Ребята вопрос такой.Можно ключи от обычного Dr.Weba ставить на Symbian В инете юзал ничего нет.Помогите(((

----------


## rtsdom

> Ребята вопрос такой.Можно ключи от обычного Dr.Weba ставить на Symbian В инете юзал ничего нет.Помогите(((


Да.
В параметрах Applications ключевого файла должен быть указан "DrWebWinMobile" (т.е. должно поддерживаться лицензией)

----------


## tyapikm

Здравствуйте!!! Помогите пожалуйста найти ключ или кряк к Kaspersky Mobile Security 9.0. Смотрел в инете - ничего бесплатного не нашол!!! :-(

----------


## Dezire

А к вебу подходят обычные ключи?

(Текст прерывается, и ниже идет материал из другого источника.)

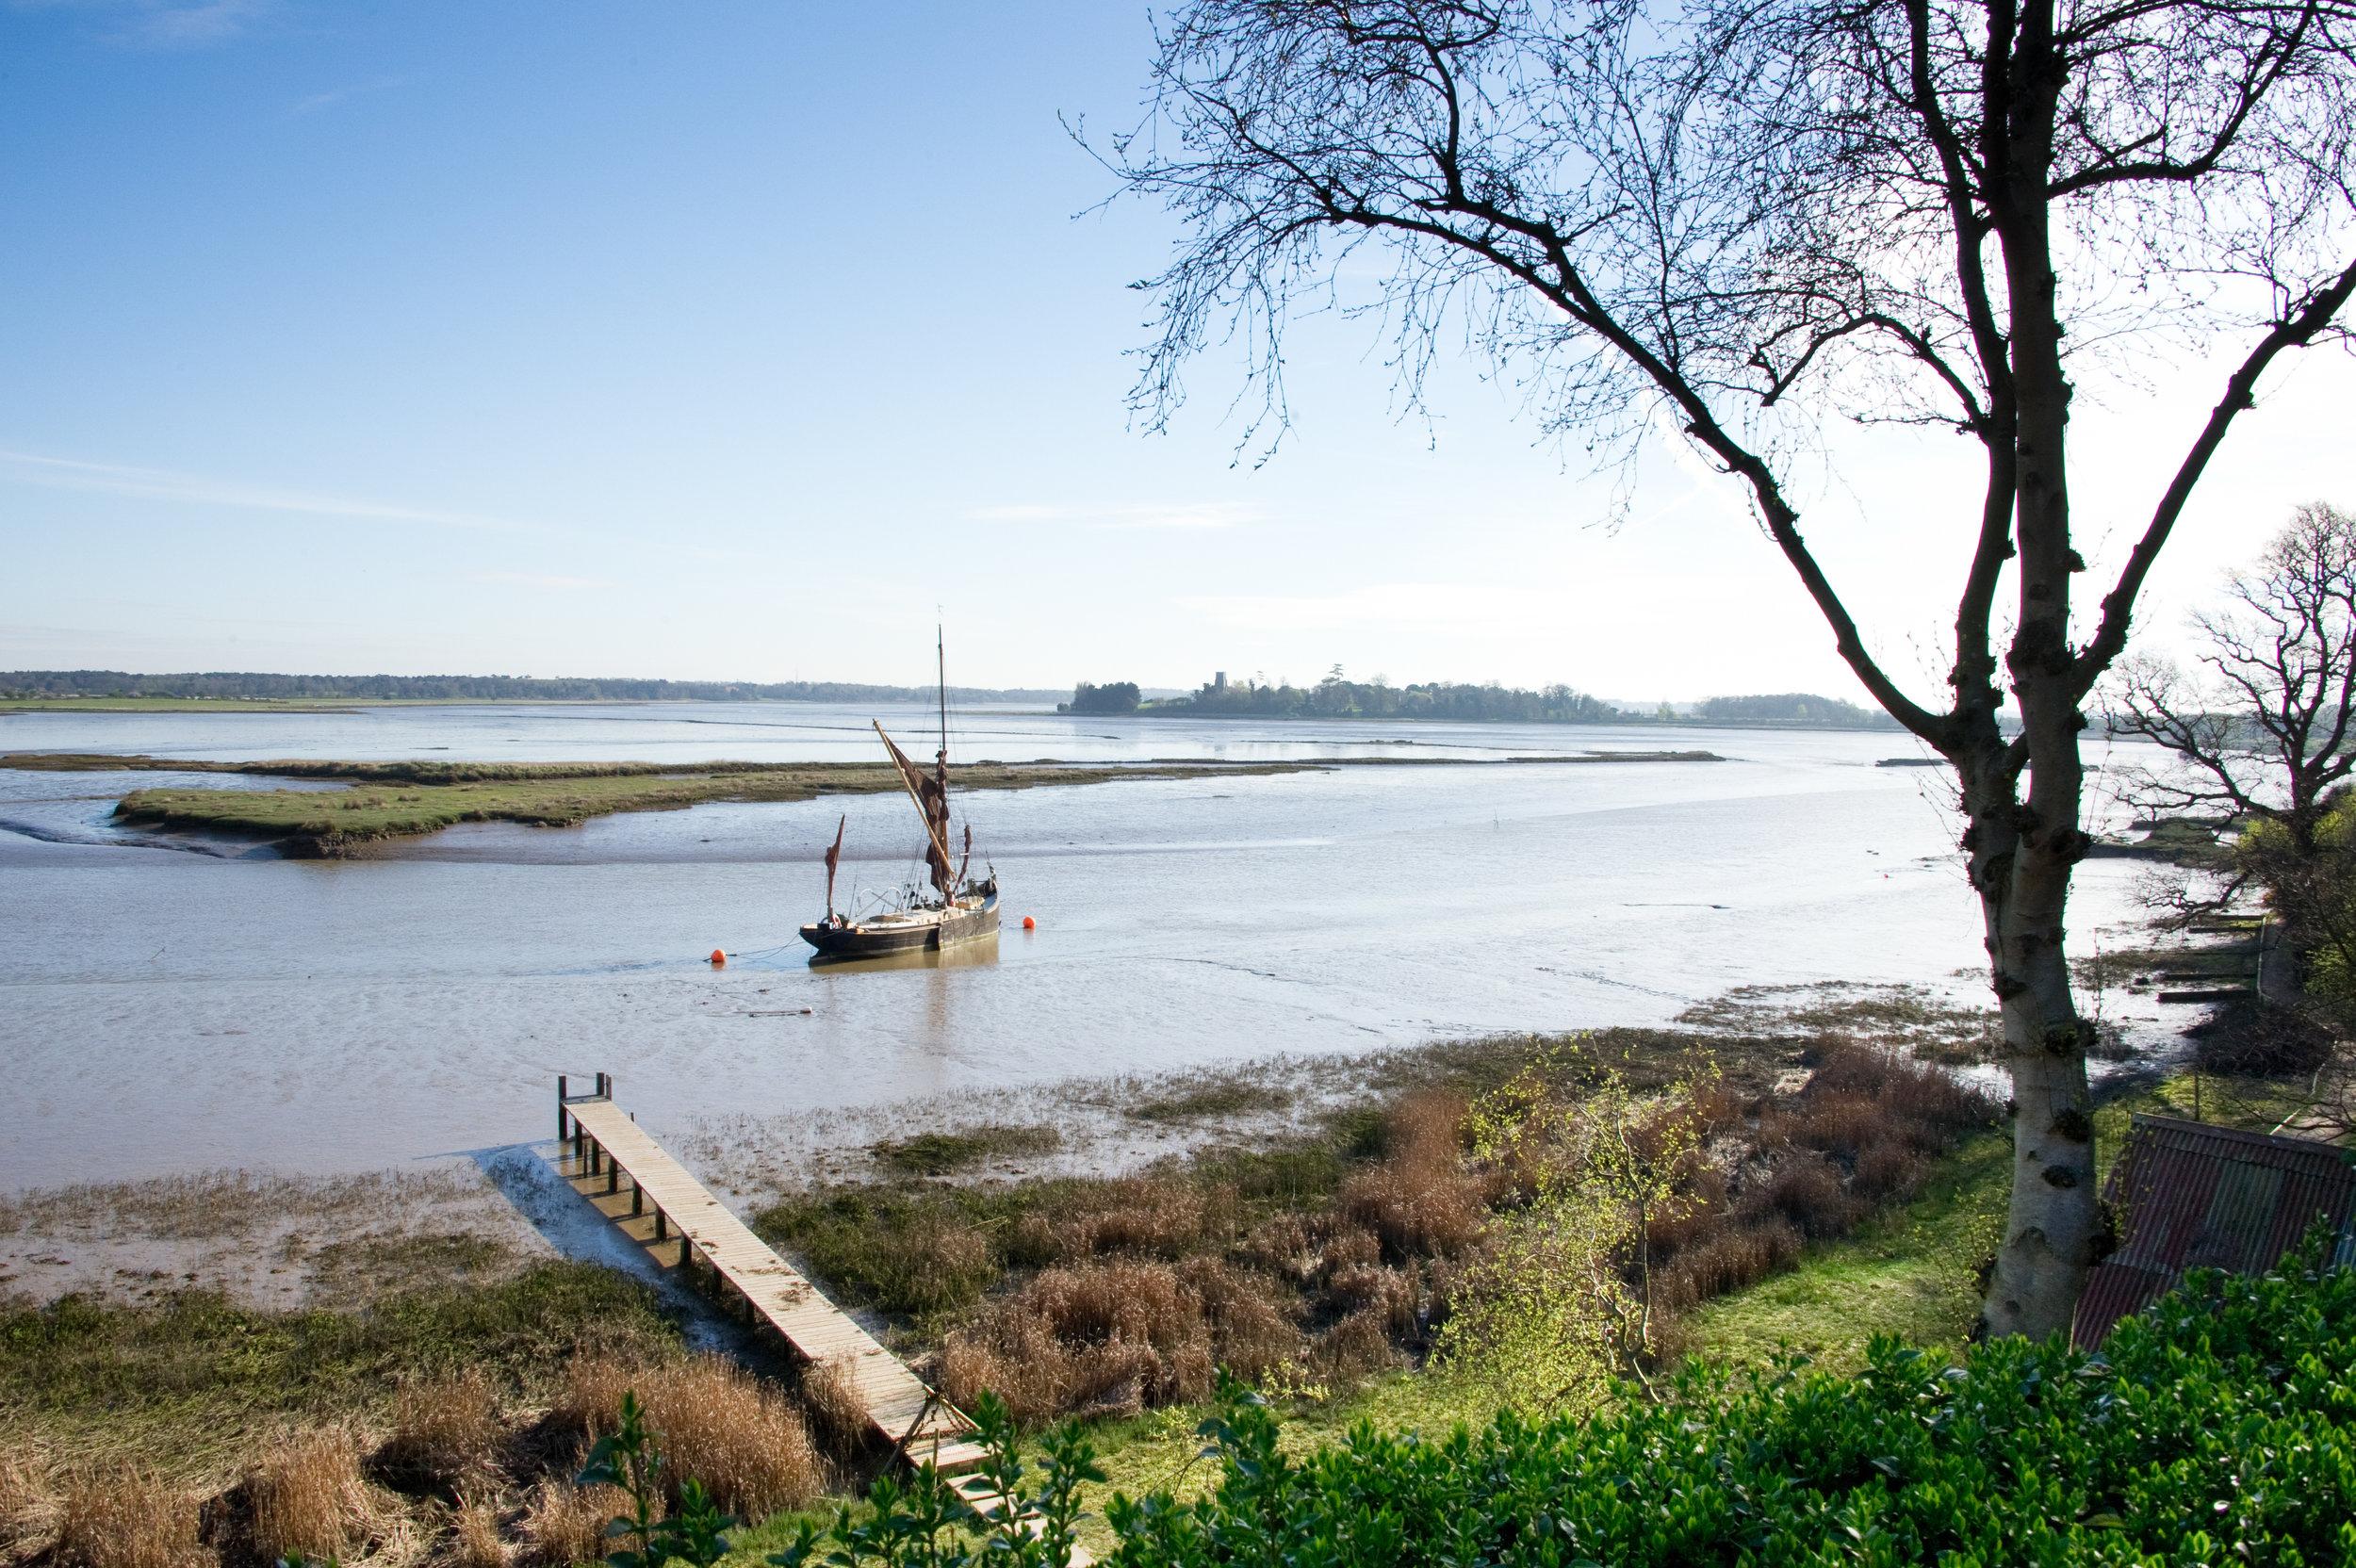 Thames-barge-at-iken-on-river-alde-in-suffolk-3.jpg

Надо будет тогда его поставить на телефон. Бесплатно распространяется?

----------


## AHTOXA1

А от Windows 7 на XP подойдёт?




> Можно ключи от обычного Dr.Weba ставить на Symbian


Конечно нельзя.

----------


## сантехник

> А от Windows 7 на XP подойдёт?


Смеешься :) ? Конечно подойдет.

----------